The following table shows the the expected number for each step along the way. For example, 36 to get a two, 42 to get a two and three. The lower right cell shows the expected number of rolls to get all 11 totals is 61.217385.

Expected Number of Rolls Problem

Highest Number Needed	Probability	Expected Rolls if Needed	Probability not Needed	Probability Needed	Expected Total Rolls
2	0.027778	36.0	0.000000	1.000000	36.000000
3	0.055556	18.0	0.666667	0.333333	42.000000
4	0.083333	12.0	0.850000	0.150000	43.800000
5	0.111111	9.0	0.922222	0.077778	44.500000
6	0.138889	7.2	0.956044	0.043956	44.816484
7	0.166667	6.0	0.973646	0.026354	44.974607
8	0.138889	7.2	0.962994	0.037006	45.241049
9	0.111111	9.0	0.944827	0.055173	45.737607
10	0.083333	12.0	0.911570	0.088430	46.798765
11	0.055556	18.0	0.843824	0.156176	49.609939
12	0.027778	36.0	0.677571	0.322429	61.217385

This question was raised and discussed in the forum of my companion site Wizard of Vegas.

According to the website Craps Advantage Players, Las Vegas casinos are routinely using weighted dice to increase the ratio of sevens and thus increase profits. I am incredulous! What does the Wizard have to say about this?

The Wizard says that website sounds like a lot of ranting and raving with no credible evidence whatsoever to justify the accusation. I'd be happy to expose any casino for using biased dice, if I had any evidence of it.
If anybody has legitimate evidence of biased dice, I'd be happy to examine it and publish my conclusions.

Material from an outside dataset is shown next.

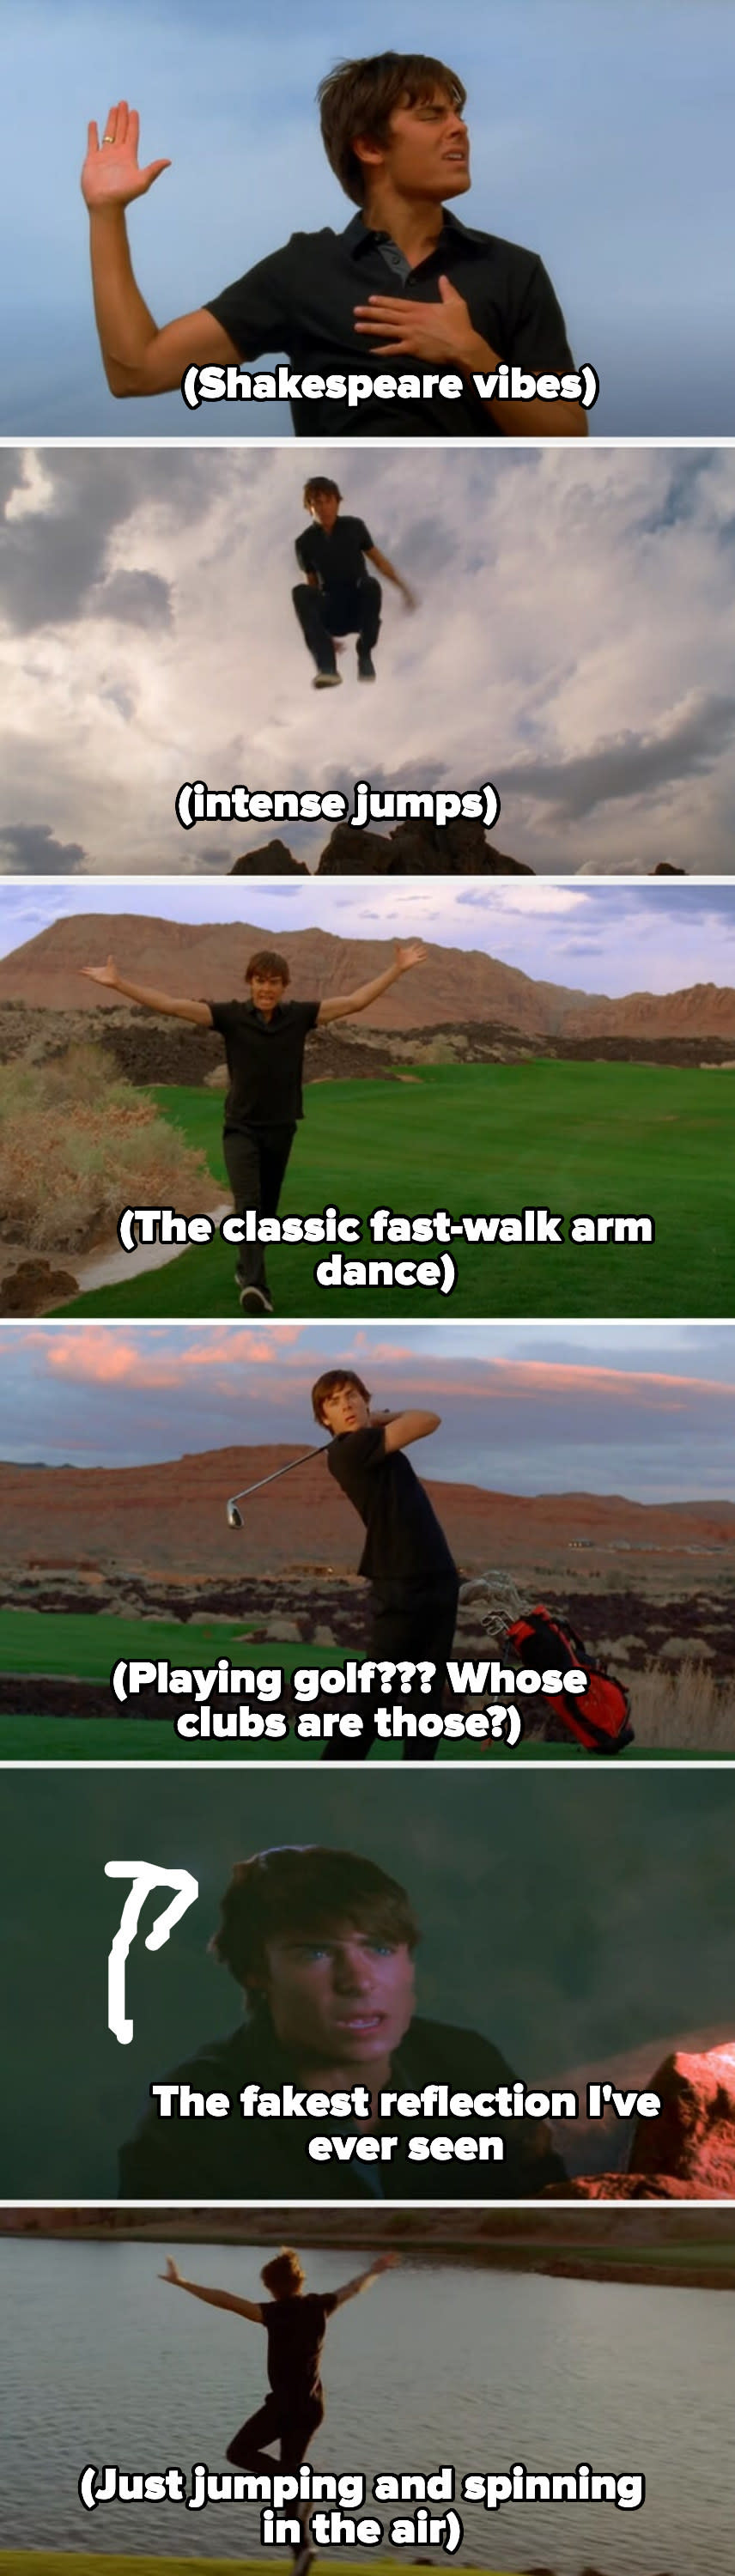 Troy dancing and singing along the golf course

Evidence I would like to see are either log files of rolls or, better yet, some actual alleged biased dice.
Furthermore, if the casinos really were using dice that produced more than the expected number of sevens, then why aren't these detectives privy to the conspiracy out there betting the don't pass and laying the odds?

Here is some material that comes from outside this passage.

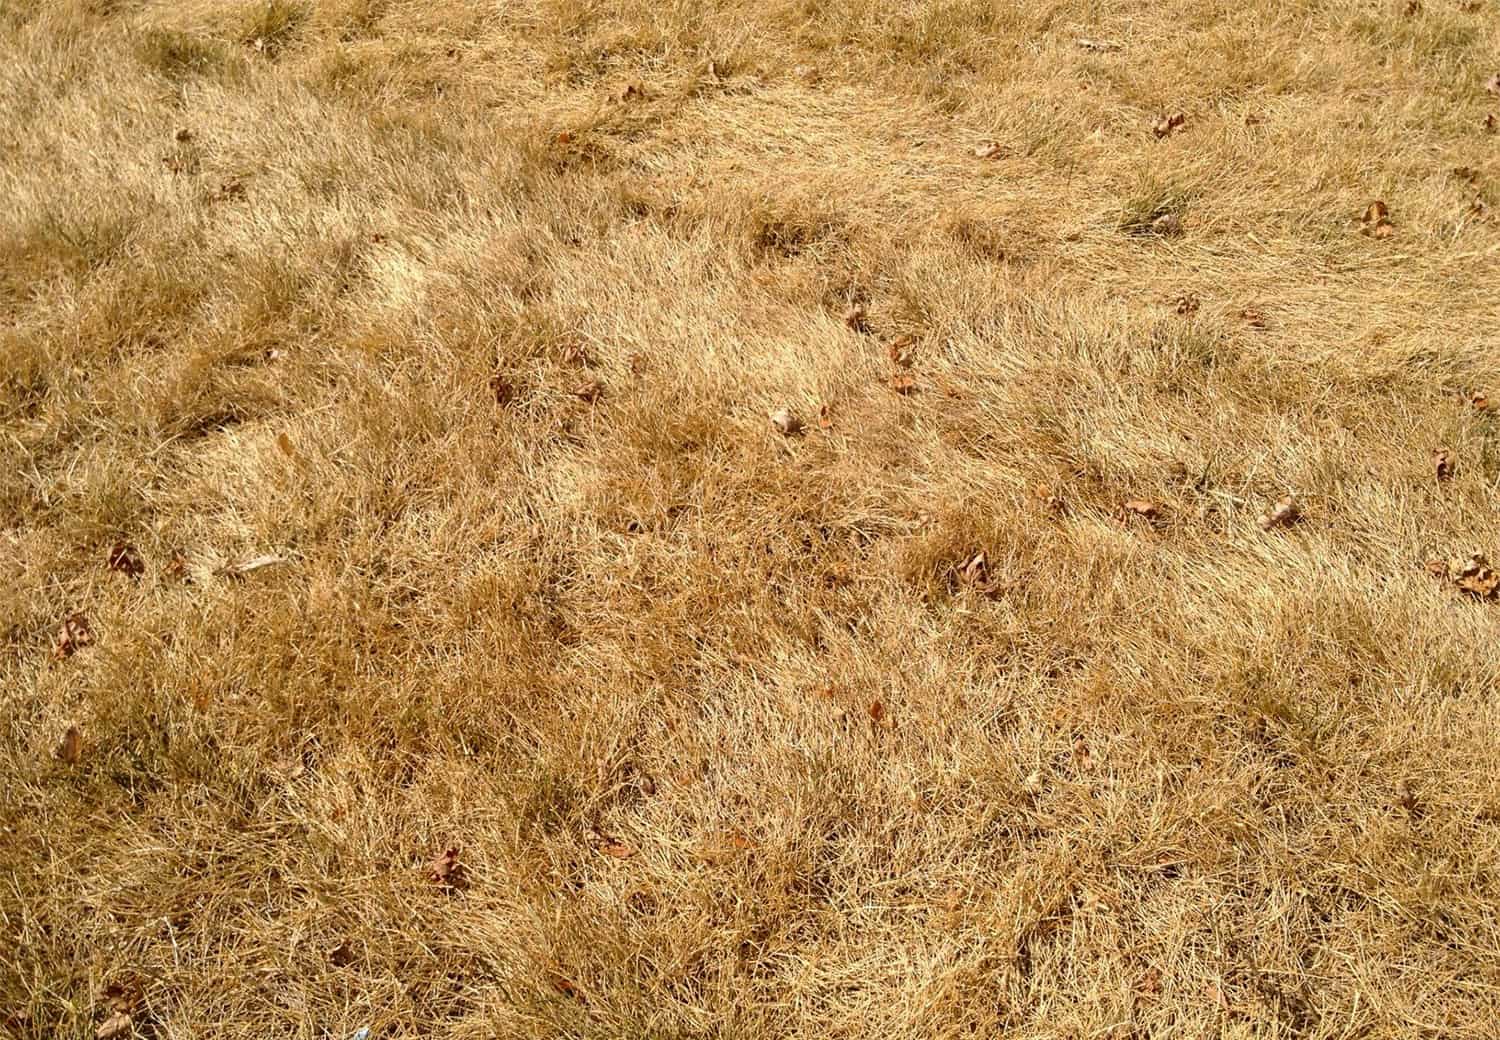 What Makes Grass Turn Brown

The Hot Roll bonus round on slot machines awards the player the following number of coins according to the total of two dice. The player keeps collecting until he rolls a total of seven, which ends the bonus. If he rolls a seven on the first roll, he gets a consolation prize of 70 coins. Following are the prizes for all other totals besides seven:

2 or 12: 1,000
3 or 11: 600
4 or 10: 400
5 or 9: 300
6 or 8: 200

My question is what is average bonus win?

Click the following button for the answer.

Click the following button for the solution.

Let x be the answer. As long as the player doesn't roll a seven he can always expect future wins to be x, in addition to all previous wins. In other words, there is a memory-less property to throwing dice in that no matter how many rolls you have already thrown you are no closer to a seven than you were when you started.
I won't go into the basics of dice probabilities but just say the probability of each total is as follows:

2: 1/36
3: 2/36
4: 3/36
5: 4/36
6: 5/36
7: 6/36
8: 5/36
9: 4/36
10: 3/36
11: 2/36
12: 1/36

Before considering the consolation prize, the value of x can be expressed as:

x = (1/36)*(1000 + x) + (2/36)*(600 + x) + (3/36)*(400 + x) + (4/36)*(300 + x) + (5/36)*(200 + x) + (5/36)*(200 + x) + (4/36)*(300 + x) + (3/36)*(400 + x) + (2/36)*(600 + x) + (1/36)*(1000 + x)

Craps Dice Possibilities Games

Next, multiply both sides by 36:

36x = (1000 + x) + 2*(600 + x) + 3*(400 + x) + 4*(300 + x) + 5*(200 + x) + 5*(200 + x) + 4*(300 + x) + 3*(400 + x) + 2*(600 + x) + (1000 + x)
36x = 11,200 + 30x
6x = 11,200

Craps Dice Odds

x = 11,200/6 = 1866.67.
Next, the value of the consolation prize is 700*(6/36) = 116.67.
Thus, the average win of the bonus is 1866.67 + 116.67 = 1983.33.